§ Input data
==============================
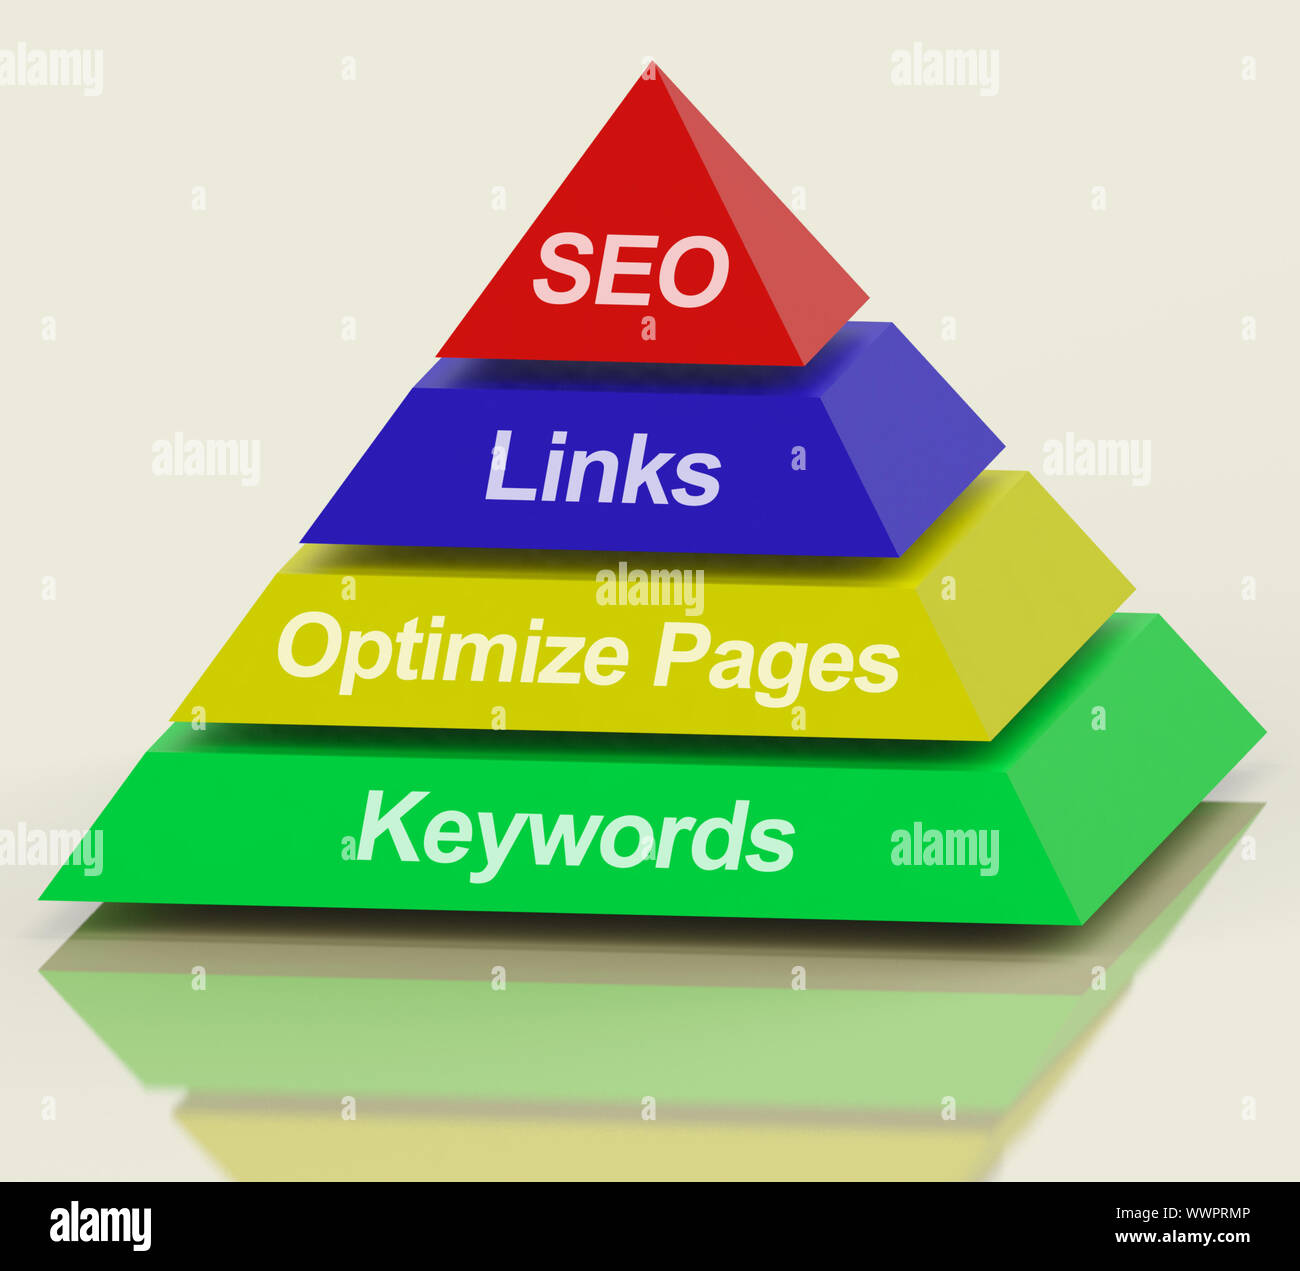 Pirámide de SEO que muestra el uso de palabras clave y optimización de  enlaces Fotografía de stock - Alamy
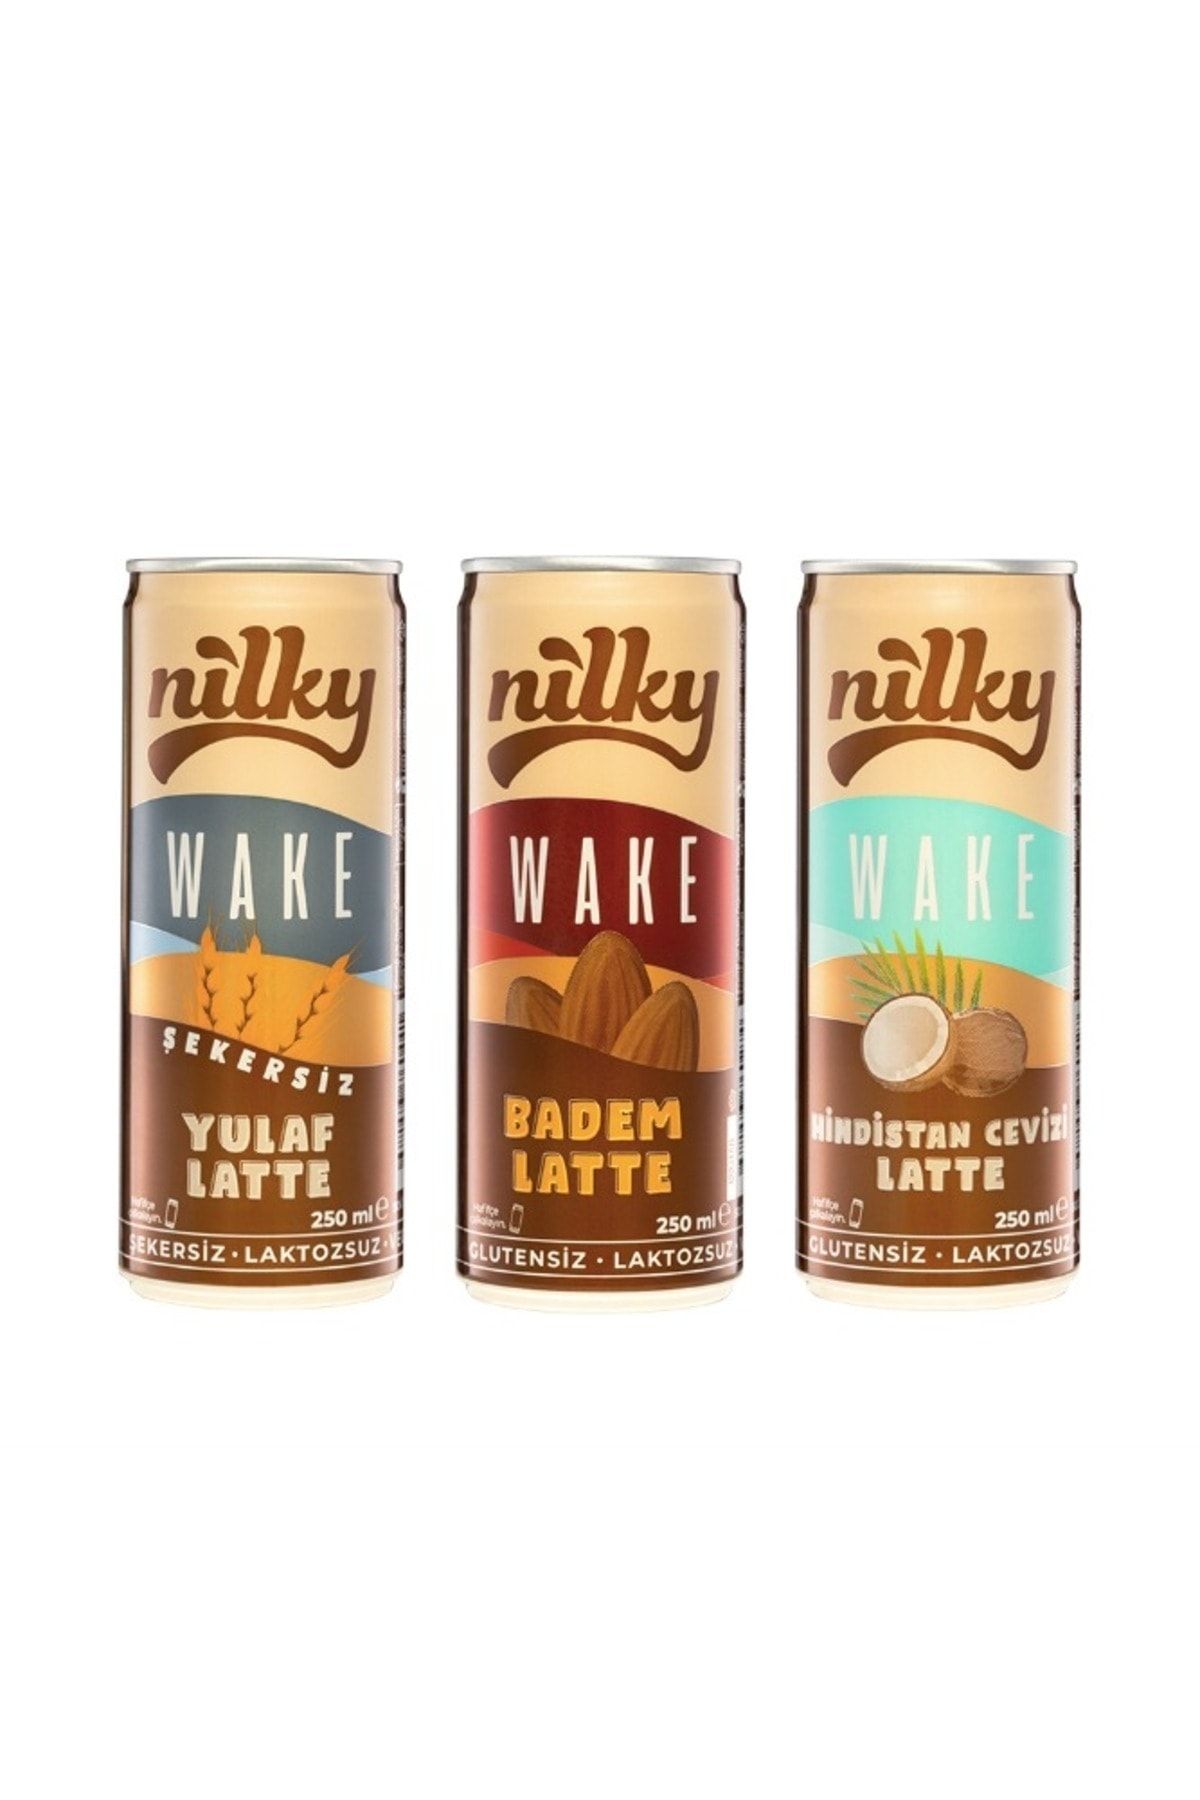 NİLKY Nilky Wake 3'lü Latte ( Almond & Coconut & Yulaf )
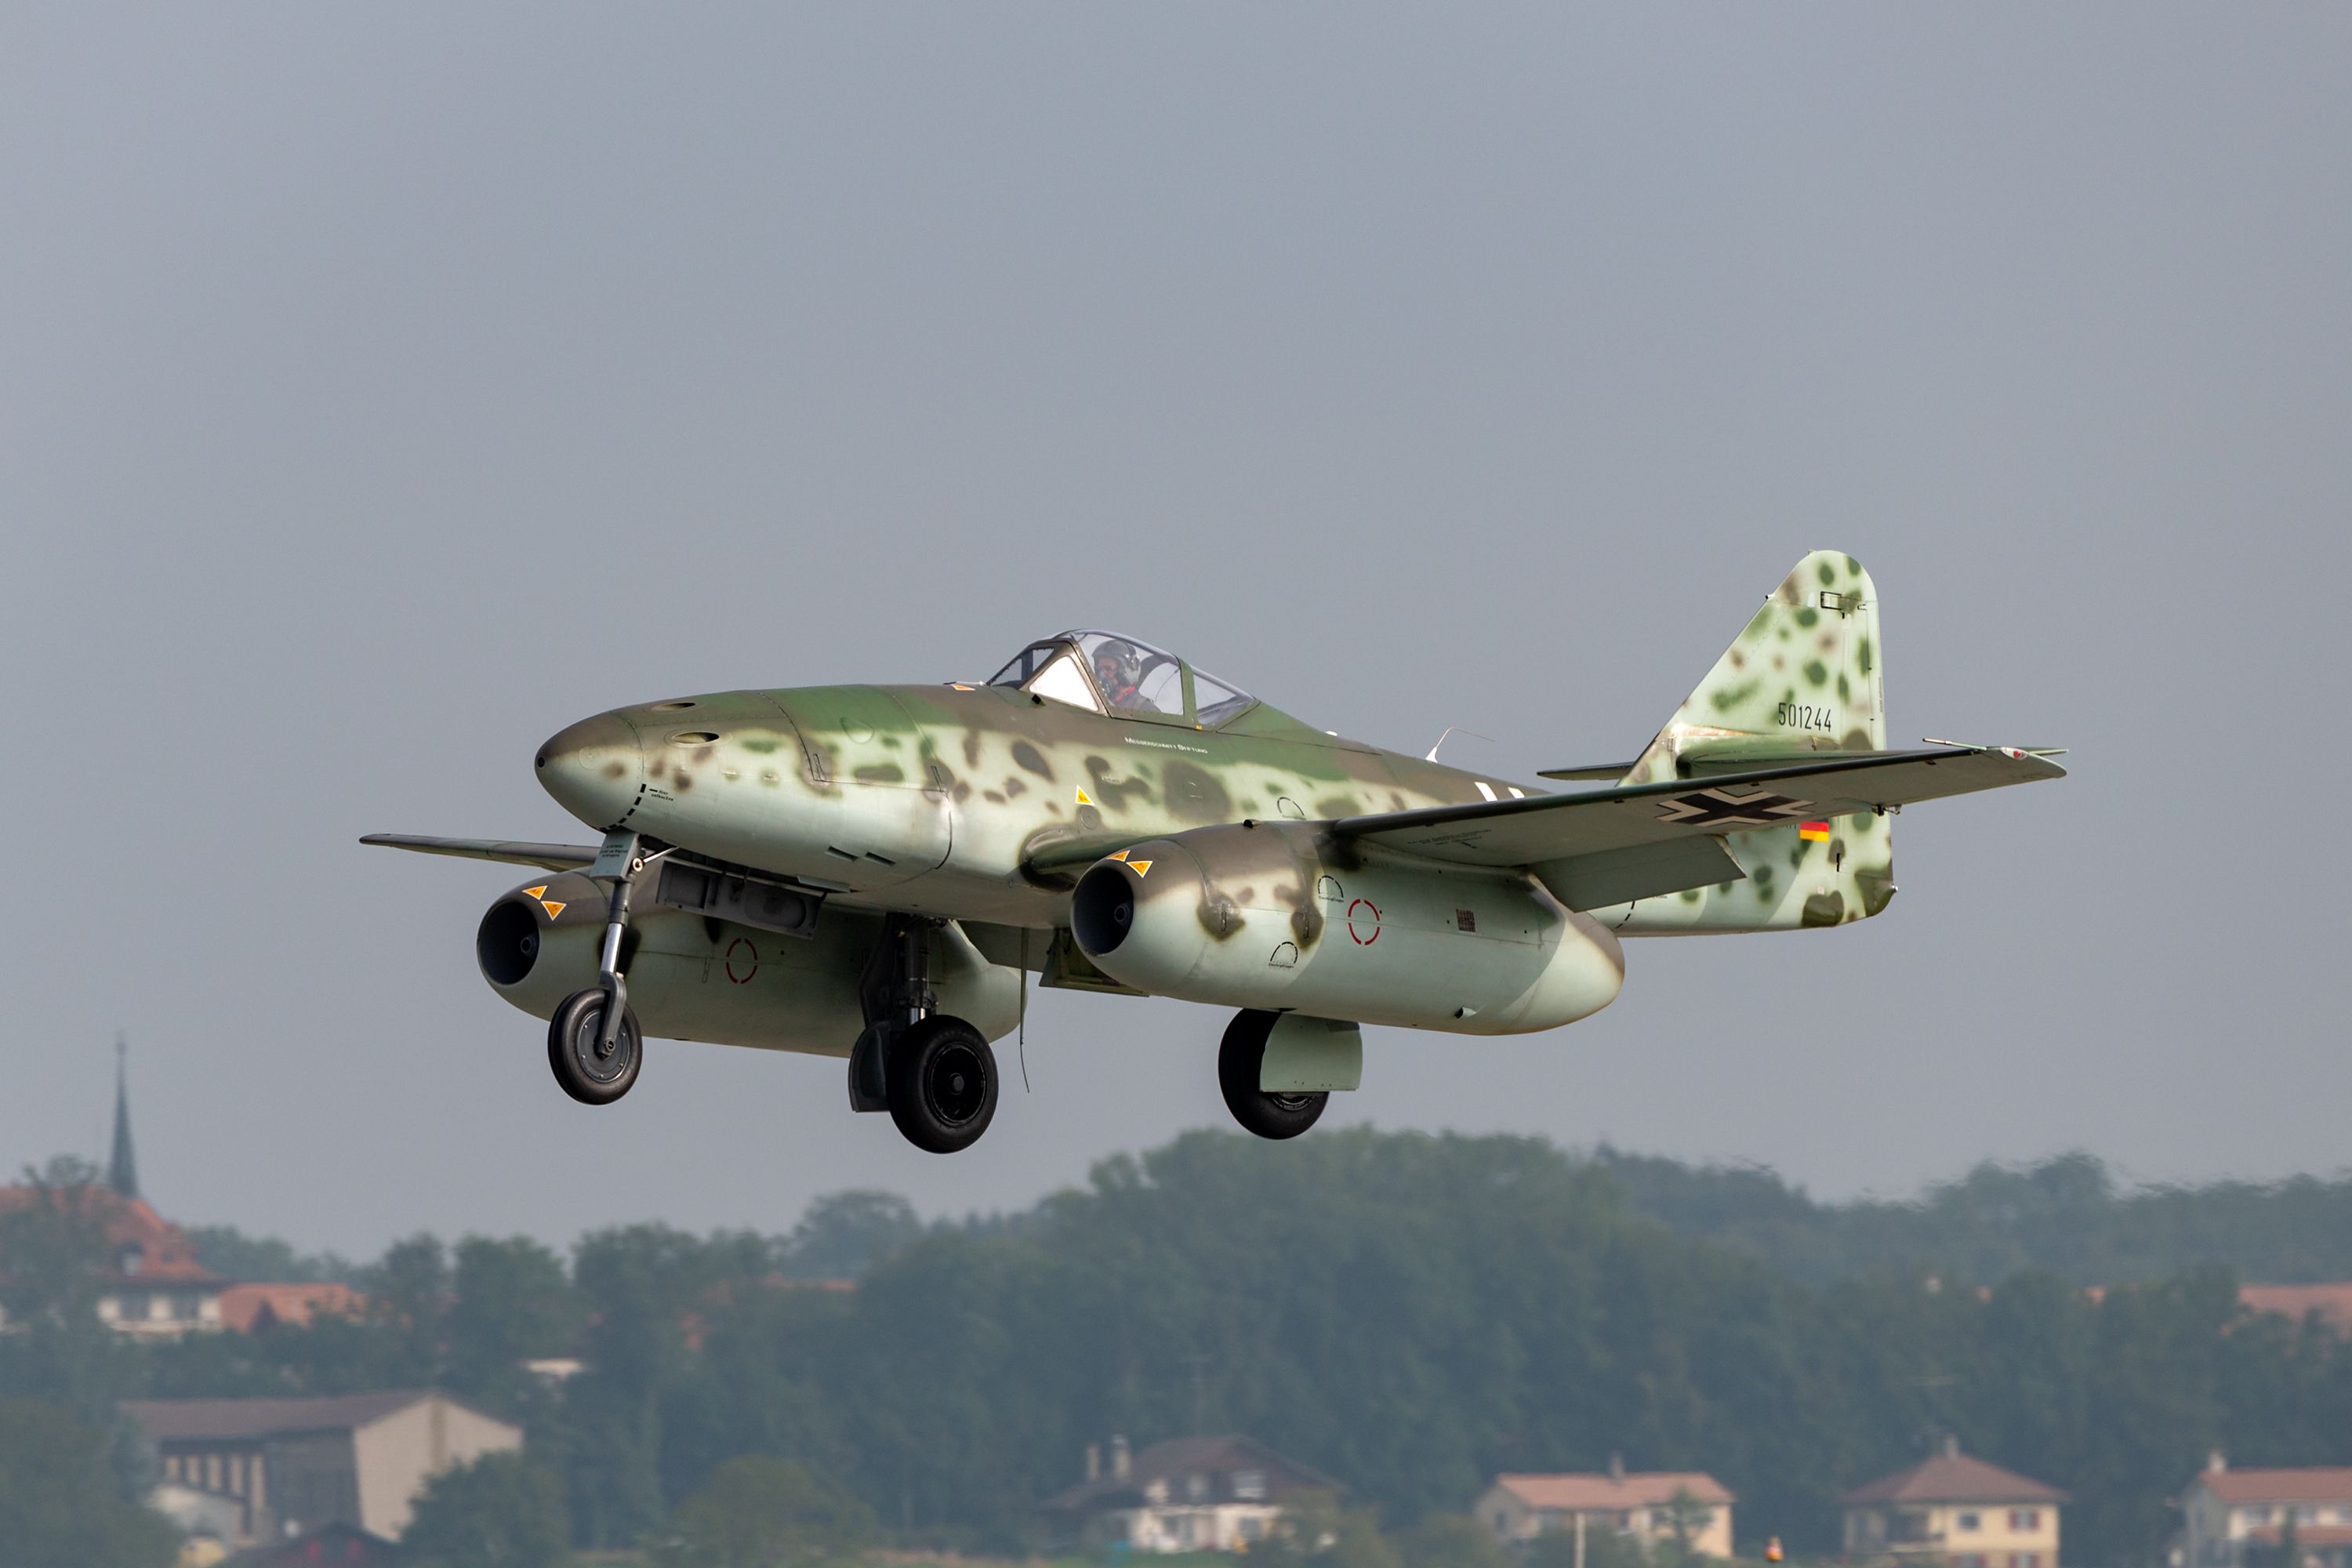 A Messerschmitt Me 262 Luftwaffe World War II jet fighter aircraft about to land.
==============================
§ Your instructions
Return the full listing exactly as written, without any of its images.

§ Exercise solution
 Pirámide de SEO que muestra el uso de palabras clave y optimización de  enlaces Fotografía de stock - Alamy
 NİLKY Nilky Wake 3'lü Latte ( Almond & Coconut & Yulaf )
 A Messerschmitt Me 262 Luftwaffe World War II jet fighter aircraft about to land.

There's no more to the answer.